REPUBLIKA.CO.ID, JAKARTA -- Komisioner Komisi Pemilihan Umum (KPU) Idham Khalik, mengatakan pihaknya butuh penjelasan lebih lengkap dari Pusat Pelaporan dan Analisis Transaksi Keuangan (PPATK), mengenai adanya temuan transaksi janggal partai politik. Menurut Idham, KPU belum dapat mengusut lebih jauh bila belum ada uraian konkret dari PPATK.
"KPU juga butuh penjelasan dari PPATK, apakah frasa 'rekening bendahara partai politik' dalam surat PPATK tersebut adalah RKDK (Rekening Khusus Dana Kampanye). Artinya KPU juga butuh penjelasan konkret dari temuan PPATK itu baru bisa usut lebih jauh," kata Idham, Senin (18/12/2023).
Idham menjelaskan KPU harus mendapat kepastian apakah temuan PPATK itu berkenaan dengan dana kampanye yang ada di dalam RKDK partai politik atau bukan. Karena parpol juga punya rekening di luar RKDK.
"Rekening tersebut keberadaannya diatur dalam UU No. 2 Tahun 2008 yang diubah menjadi UU Nomor 2 Tahun 2011," ujar Idham.
Idham menambahkan informasi yang beredar di publik, bahwa PPATK telah menyerahkan temuan pemantauan transaksi keuangan tersebut ke Badan Pengawas Pemilu (Bawaslu).
Untuk itu KPU, lanjut Idham juga menunggu respons dari Bawaslu. Apakah semua ini memenuhi dugaan pelanggaran aturan dana kampanye atau tidak.
"Bawaslu lah yang otoritatif memproses jika ada dugaan pelanggaran aturan dana kampanye," kata Idham menambahkan.
Sebelumnya disebutkan Surat dari Kepala PPATK berperihal: Kesiapan dalam Menjaga Pemilihan Umum/ Pemilihan Kepala Daerah yang Mendukung Integrasi Bangsa tertanggal 8 Desember 2023 dan baru diterima oleh KPU tertanggal 12 Desember 2023 dalam bentuk hardcopy.
Dalam surat PPATK ke KPU tersebut, PPTAK menjelaskan ada rekening bendahara parpol pada periode April-Oktober 2023 terjadi transaksi uang, baik masuk maupun keluar, dalam jumlah ratusan milyar rupiah. PPATK menjelaskan transaksi keuangan tersebut berpotensi akan digunakan untuk penggalangan suara yang akan merusak demokrasi Indonesia.
Terkait transaksi ratusan miliar tersebut, bahkan transaksi tersebut bernilai lebih dari setengah triliun rupiah, PPATK tidak merinci sumber dan penerima transaksi keuangan tersebut.

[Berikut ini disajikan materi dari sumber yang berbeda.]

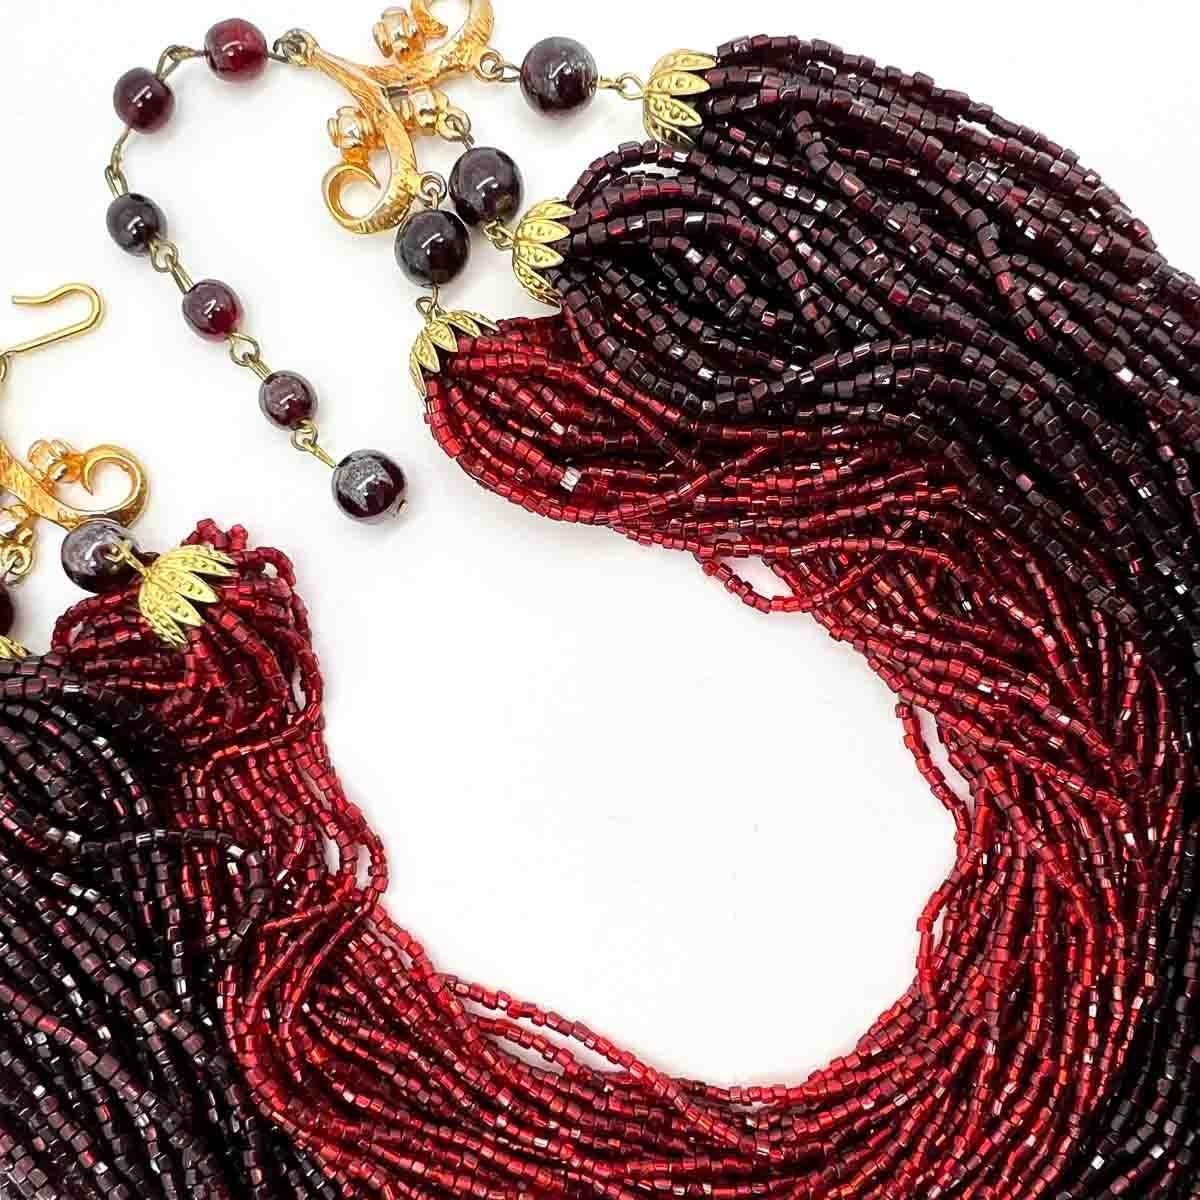 A superb Vintage Ruby Glass Torsade Necklace. The epitome of glam chic, hailing from the 1940s.
An unsigned beauty. A rare treasure. Just because a jewel doesn’t carry a designer name, doesn’t mean it isn't coveted. The unsigned beauties in our

Data hanya diberikan dalam bentuk data global, tidak terinci, hanya berupa jumlah total data transaksi keuangan perbankan.
Menurut Idham, KPU pun tidak bisa memberikan komentar lebih lanjut. Mereka akan lebih dulu melakukan rapat koordinasi selanjutnya dengan parpol atau dengan peserta pemilu pada umumnya untuk mengingatkan kembali tentang batasan maksimal sumbangan dana kampanye dan larangan menerima sumbangan dana kampanye dari sumber-sumber yang dilarang sesuai peraturan perundang-undangan yang berlaku.
Selain hal tersebut PPATK juga melakukan pemantauan atas ratusan ribu Safe Deposit Box (SDB) pada periode Januari 2022-30 September 2023, bank di BUSN (Bank Umum Swasta Nasional) maupun bank BUMN. Di mana menurut PPATK, penggunaan uang tunai yang diambil dări SDB akan menjadi sumber dana kampanye yang tidak sesuai ketentuan apabila KPU tidak melakukan pelarangan.